Os cristãos perseguidos, a quem se dirige a carta aos Hebreu, encontram nos patriarcas, nos homens grandes de Israel, nos profetas e, particularmente, em Jesus, o incentivo para enfrentarem a adversidade como uma oportunidade para perseverarem, resistindo até ao sangue na “luta contra o pecado”.

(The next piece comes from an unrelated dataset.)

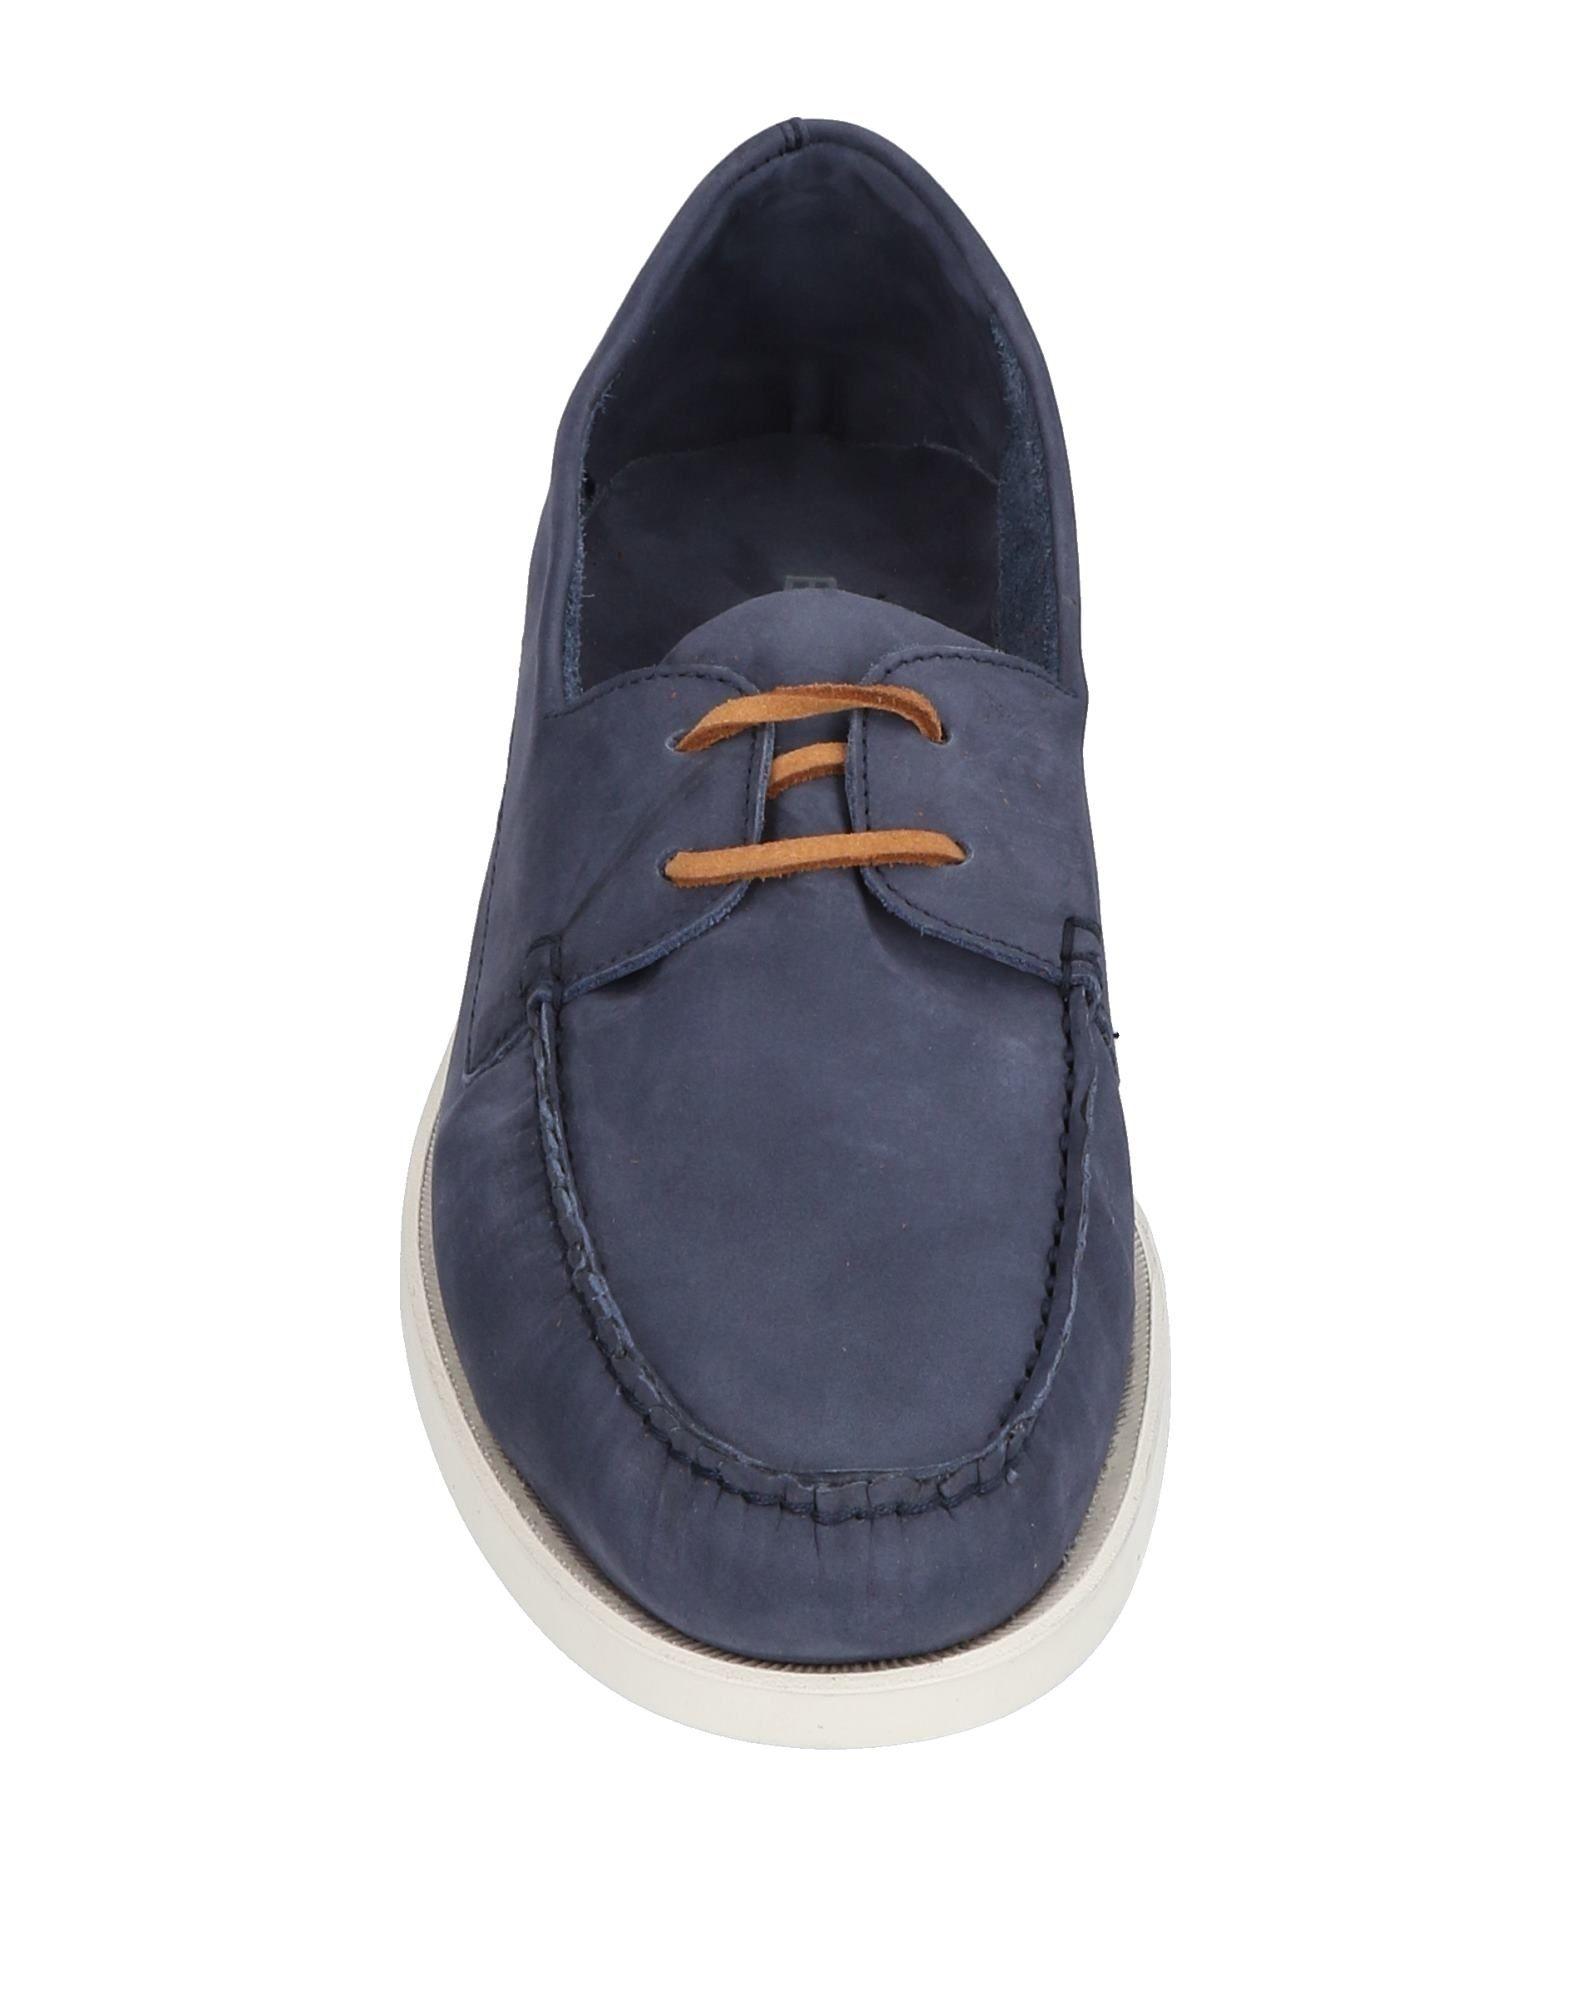 11438421XR Boemos Mokassins Herren  11438421XR  Heiße Schuhe bbf47f

Os cristãos de hoje, experimentando tantas vezes a divisão de que fala Jesus no evangelho, são chamados a confiar, como Jeremias e o salmista, e a renunciar como Jesus, a fim de não se deixarem abater pelo desânimo, viverem animados pelo fogo do evangelho e dispostos ao receber o batismo de Jesus que os mártires protagonizaram com serenidade.

Rezar a Palavra

No tempo presente, em muito lugares do mundo, há homens que sofrem o horror da perseguição por causa do evangelho. Outros, mesmo não cristãos, sentem o peso da incompreensão pela diferença cultural, religiosa, sexual ou outra. Por vezes julgamos ser detentores da verdade. Escutamos pouco o que dizes nos nossos corações e perdemos a humanidade. Tornamo-nos frios, insensíveis e incapazes de conviver sem violência e ódio. Continua a ensinar os nossos pobres corações e a confortar com a tua presença aqueles que são alvo da perseguição.

Compromisso semanal

Penso em tantos homens e mulheres privados de liberdade devido ao ódio e à violência discriminação.